** Try it **
Transcribe exactly, and only, the lines that fall between the line containing "Happy Birthday Sripranav" and the last line of the material, both ends included, omitting any pictures.

** Data shown **
--- --- ---

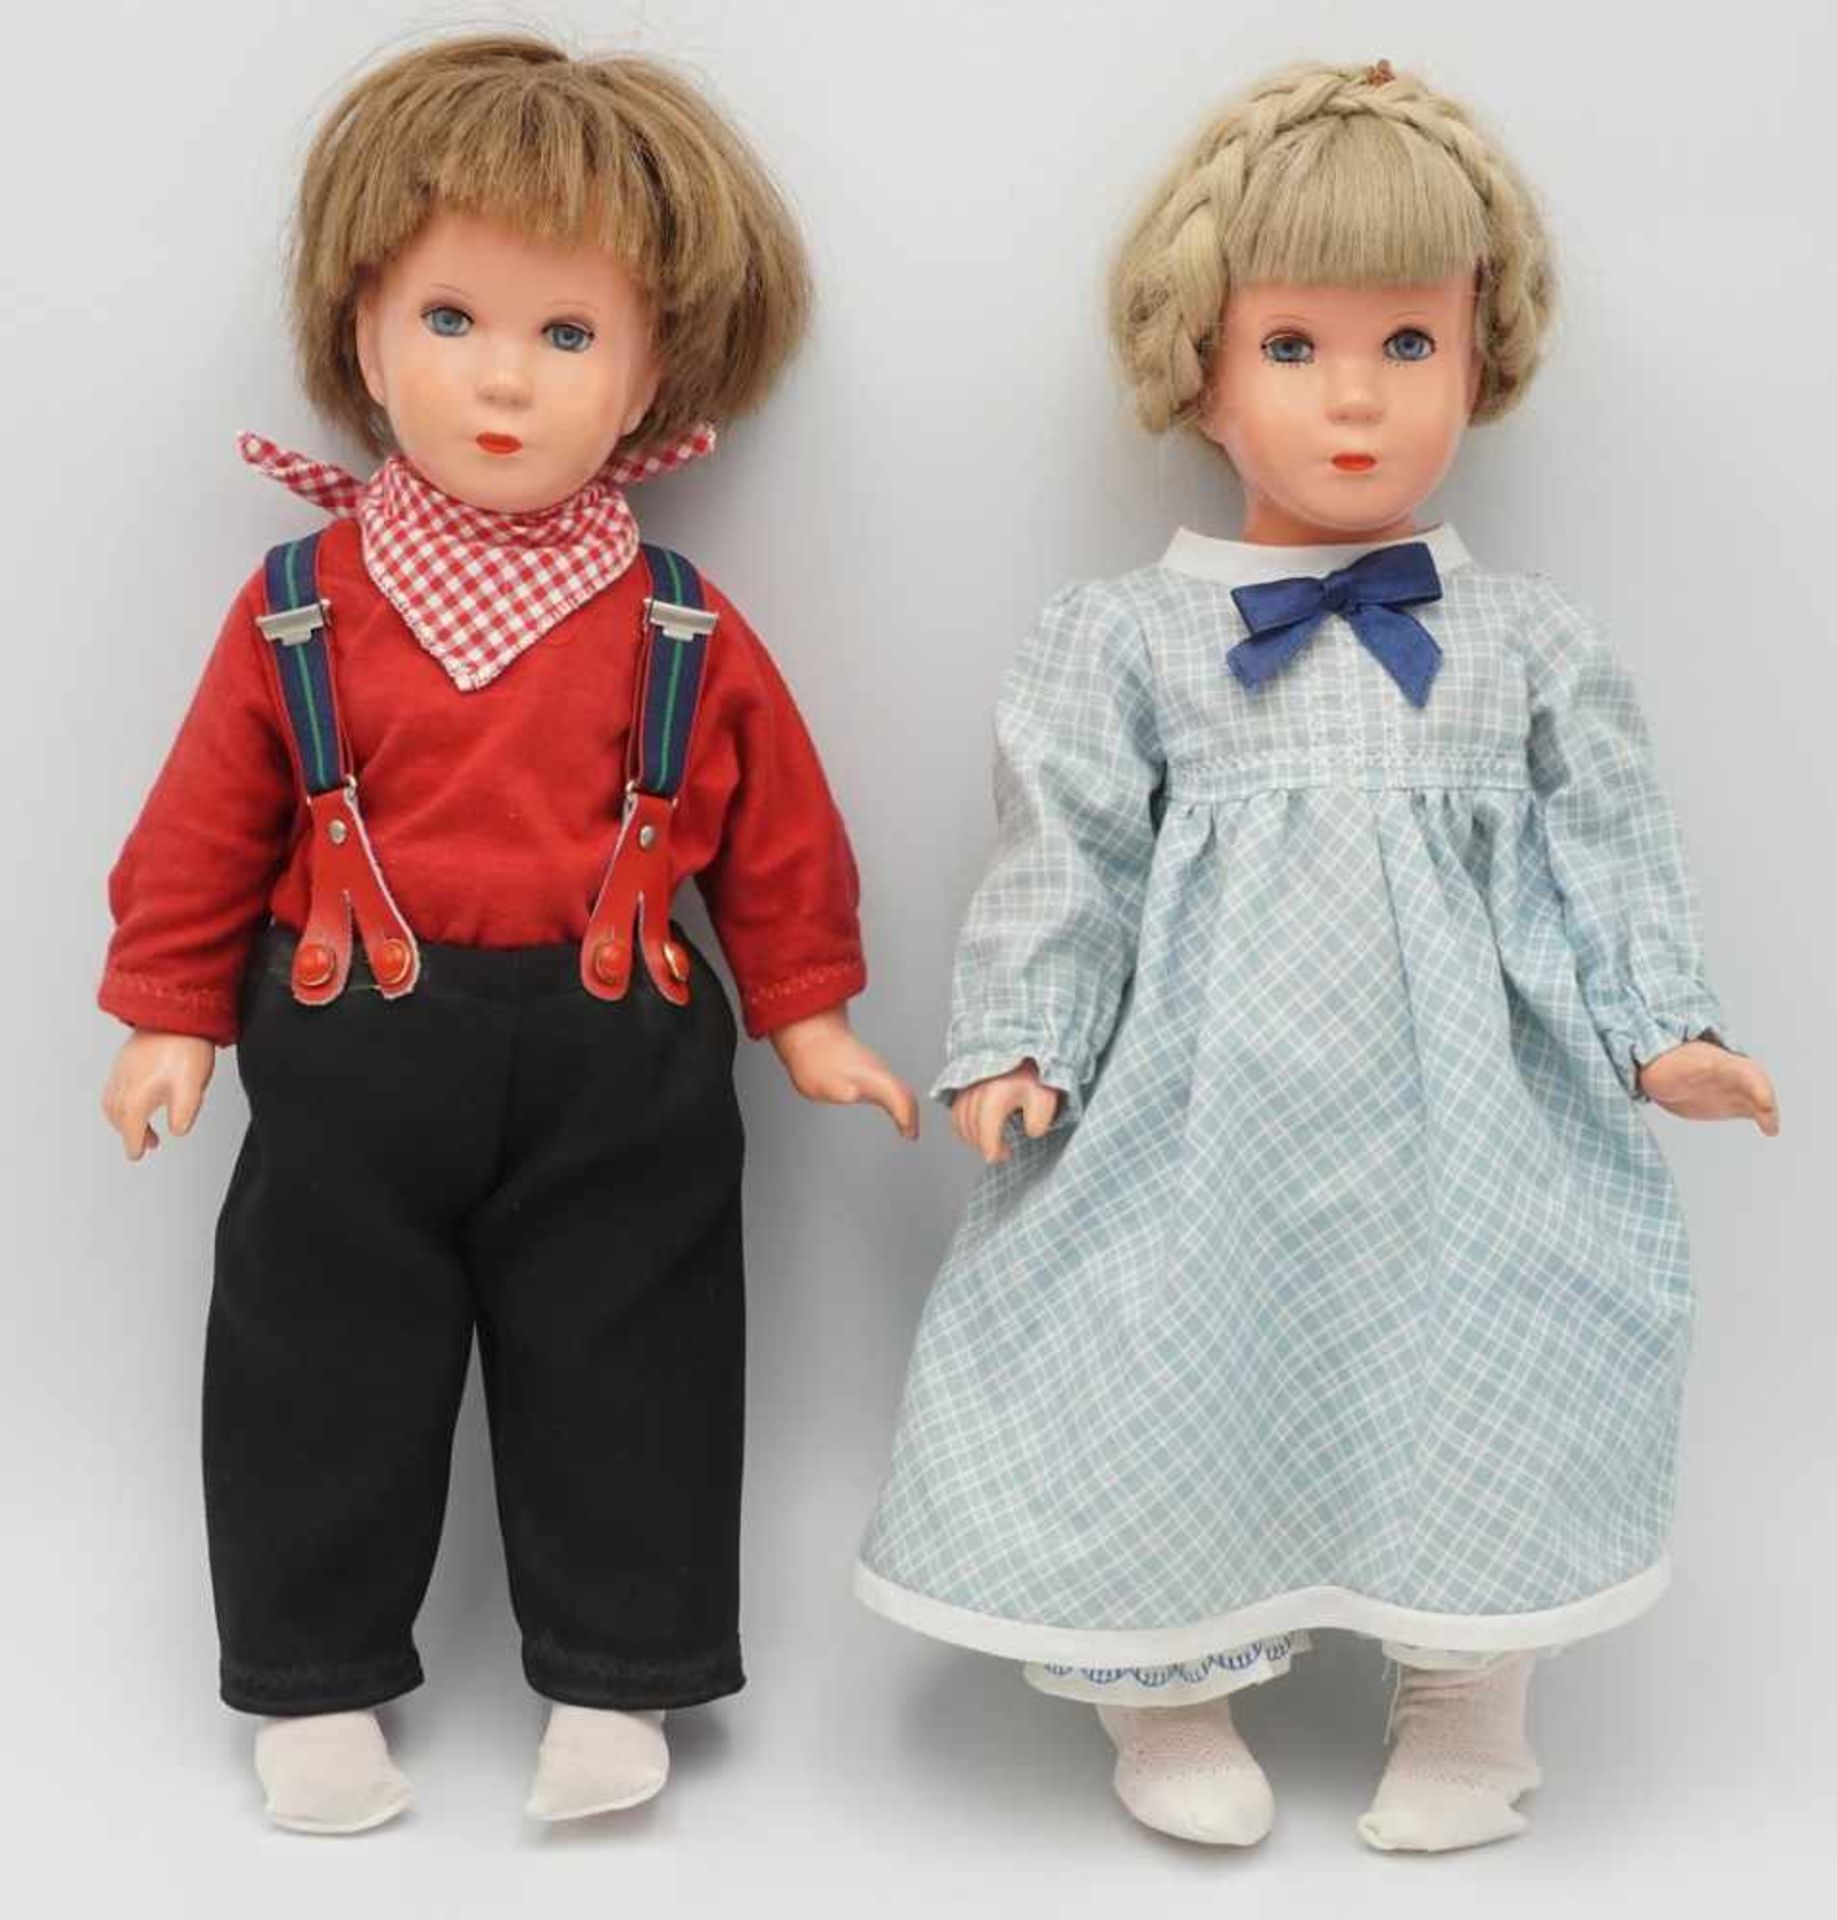 Zwei Schildkröt Puppen "Modell Käthe Kruse" T40, wohl um 1955
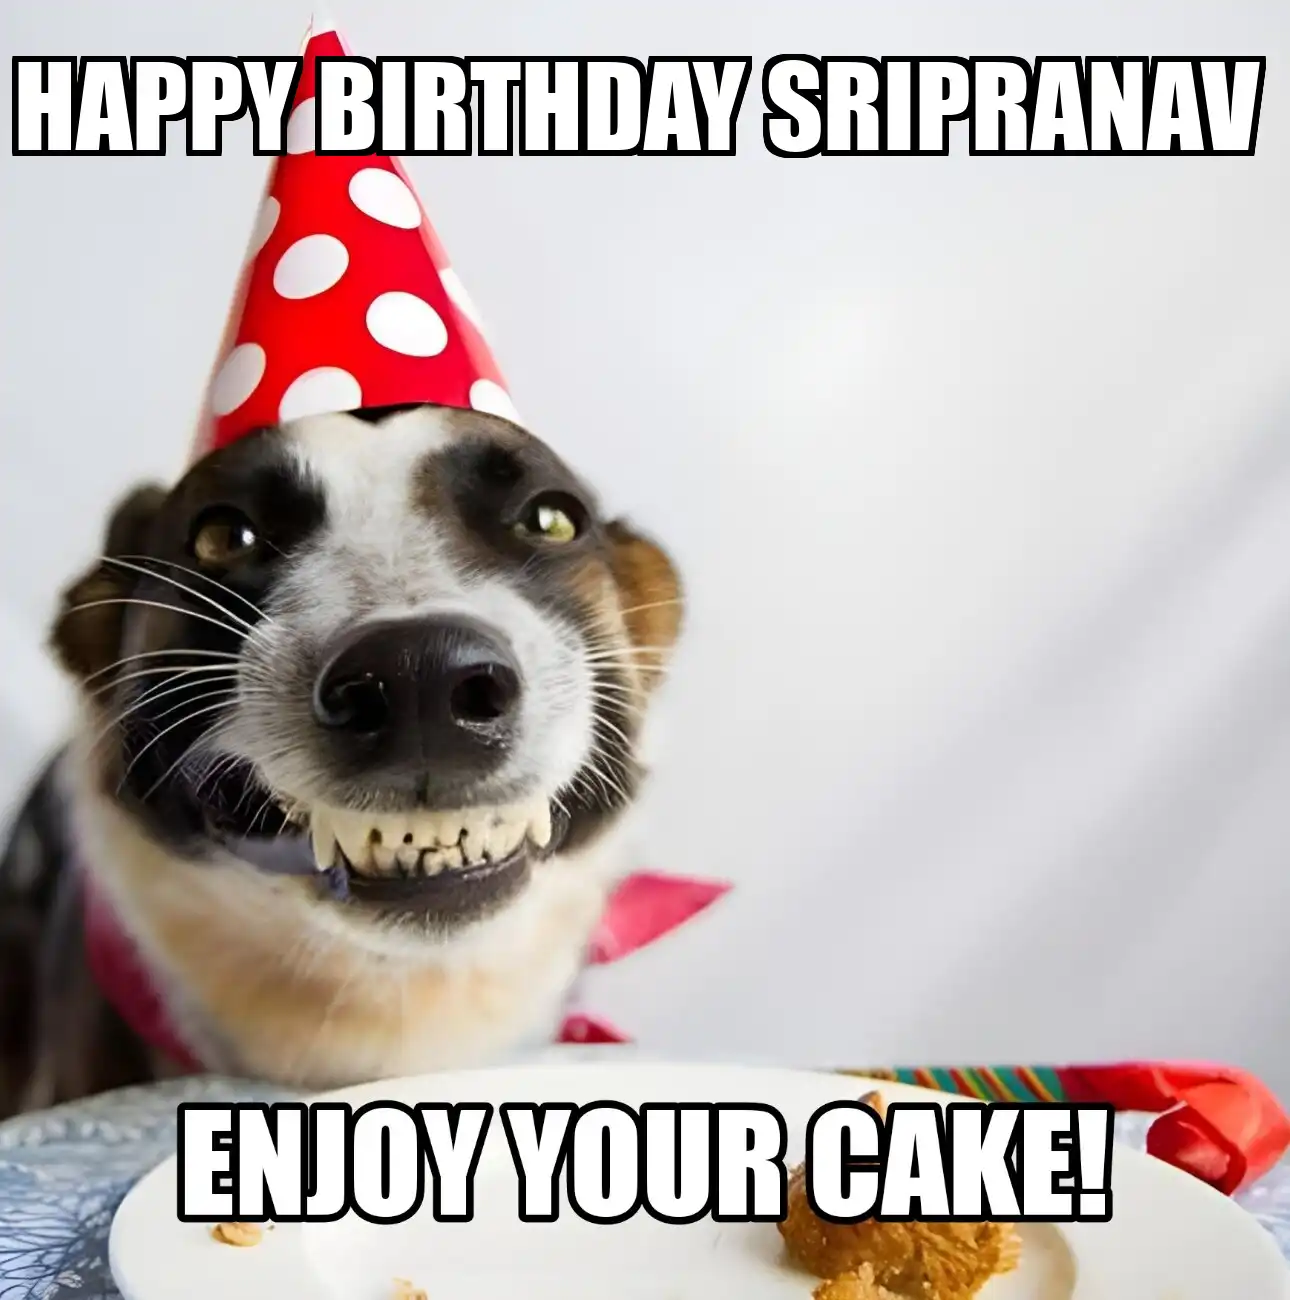 Happy Birthday Sripranav Enjoy Your Cake Dog Meme
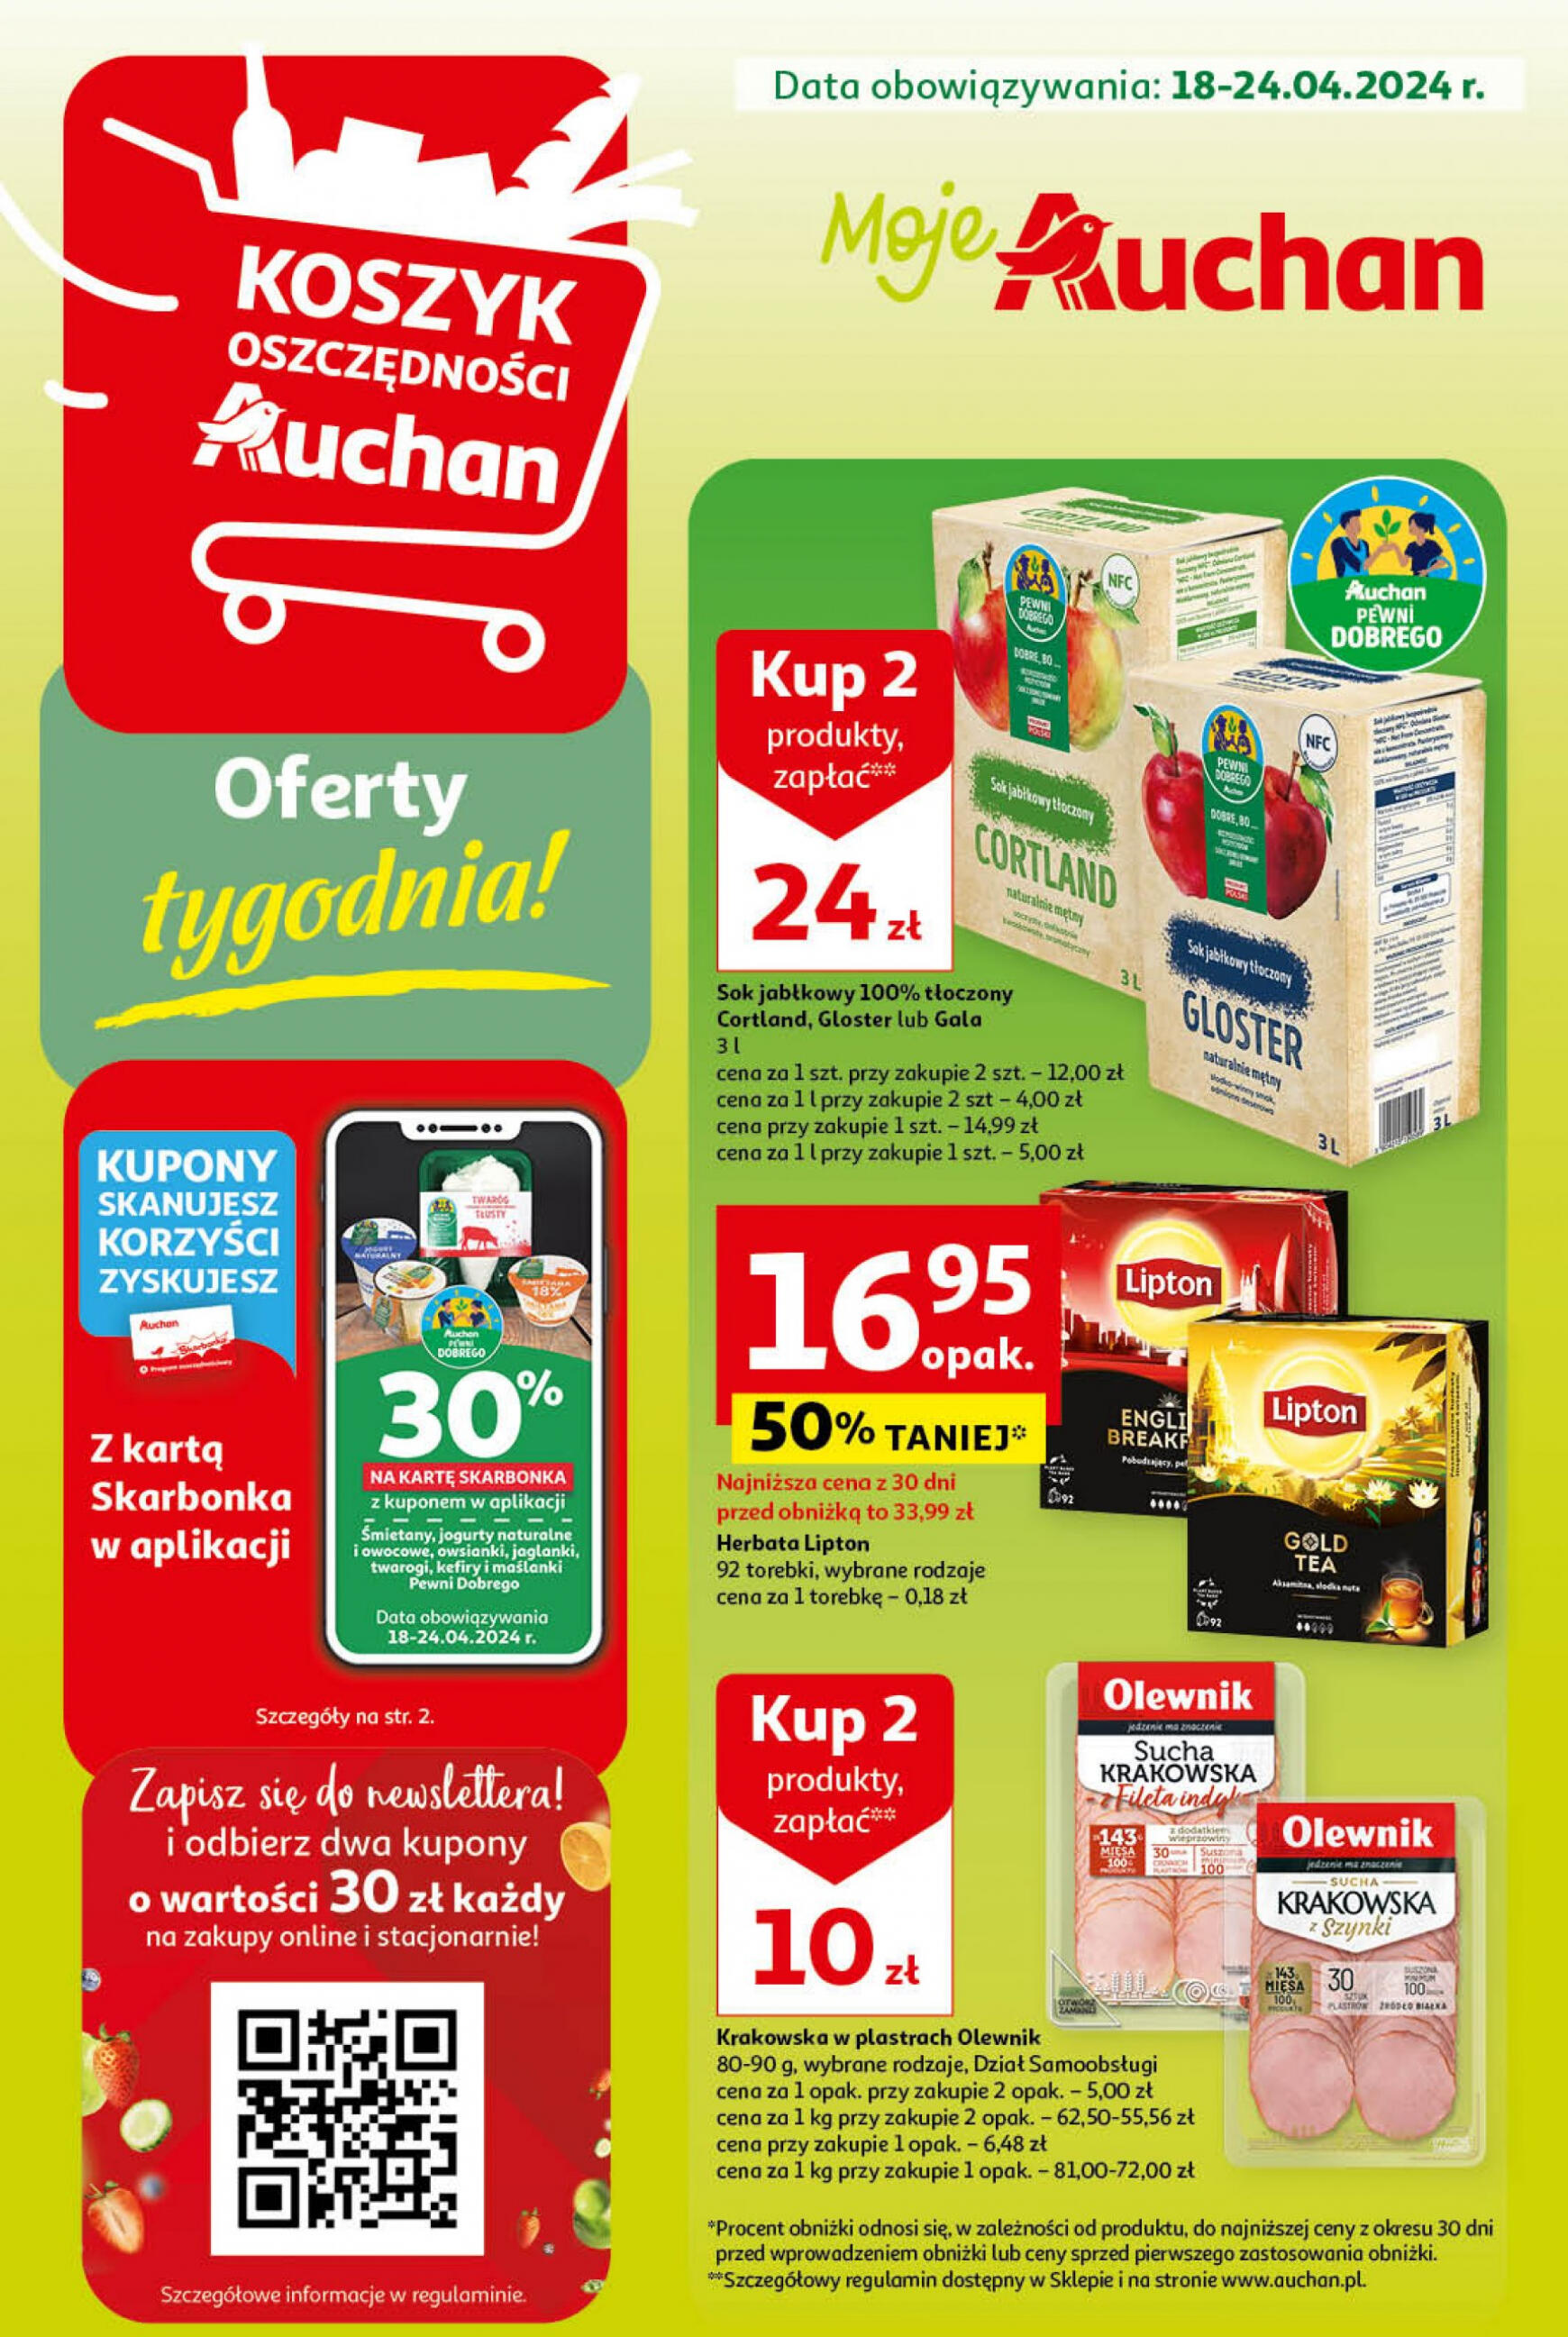 auchan - Moje Auchan - Gazetka Oferty tygodnia! gazetka aktualna ważna od 18.04. - 24.04. - page: 1

--- --- ---

** Task answer **
 Happy Birthday Sripranav Enjoy Your Cake Dog Meme
 auchan - Moje Auchan - Gazetka Oferty tygodnia! gazetka aktualna ważna od 18.04. - 24.04. - page: 1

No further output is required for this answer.